Von Almwiesen und Selbstzweifeln

28. August 2007Das Kärntenblog, ich führe es seit mehren Monaten gemeinsam mit Johanna, macht mir großen Spaß. Am liebsten würde ich nur noch dort bloggen. Das vertraute ich zumindest vor kurzem jemandem …

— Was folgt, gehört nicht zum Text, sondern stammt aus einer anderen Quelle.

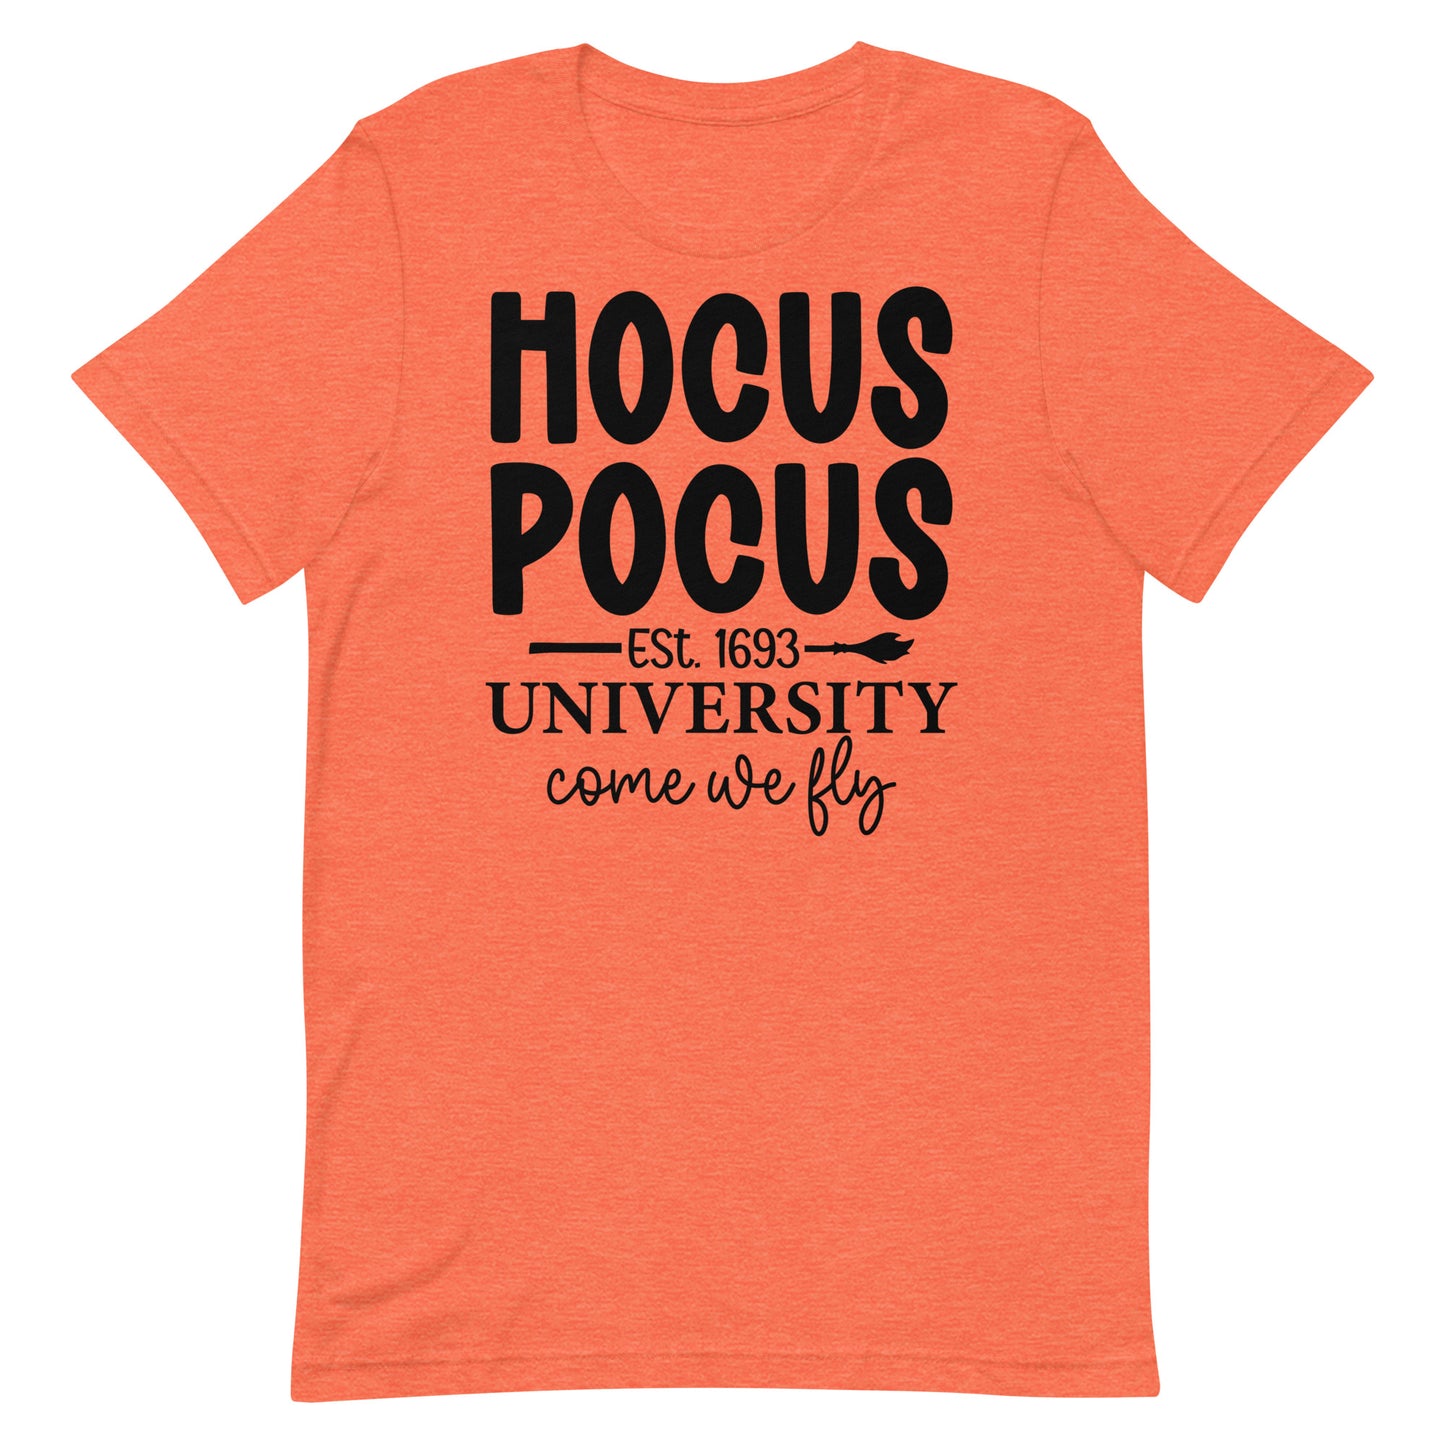 Hocus Pocus University- T-shirt

Das Kärntenblog, ich führe es seit mehren Monaten gemeinsam mit Johanna, macht mir großen Spaß. Am liebsten würde ich nur noch dort bloggen. Das vertraute ich zumindest vor kurzem jemandem an. Im Vertrauen sozusagen, weil es in diesem Blog, also dem offiziellen Ed Wohlfahrt Blog, hauptsächlich darum gehen würde, Kompetenz zu vermitteln, relevante Themen zu lancieren, kurzum, mich von meiner arbeitstechnisch professionellsten Seite zu zeigen. Das macht mal mehr und mal weniger Spaß. Manchmal gar keinen und manchmal ist es nur noch selbst auferlegte Pflicht für die man sich wenig erfolgreich verbiegt. Dann zieht wieder Sonnenschein auf und ich habe natürlich "immer schon" gewußt, warum ich das hier mache. Ich denke jeder Blogger kennt das. Zurück zum eingangs erwähnten Gespräch.

Mein Gegenüber hat mir damals mein Ansinnen, nur noch am Kärntenblog zu posten, nicht nur erfolreich ausgeredet, nein. Es hat mir auch erklärt, warum mir das Kärntenblog derzeit mehr Spaß macht. Nämlich deshalb, weil es dort immer nur um schöne Almwiesen, Geheimtips und nette lauschige Örtchen geht, an denen man es sich gut gehen lassen kann. Das Kärntenblog ist nett aber seine Inhalte sind nun mal nicht kontrovers. Da ist sozusagen alles easy und flutscht häppchenweise runter. Einen Schluck Most drauf und alles wird gut.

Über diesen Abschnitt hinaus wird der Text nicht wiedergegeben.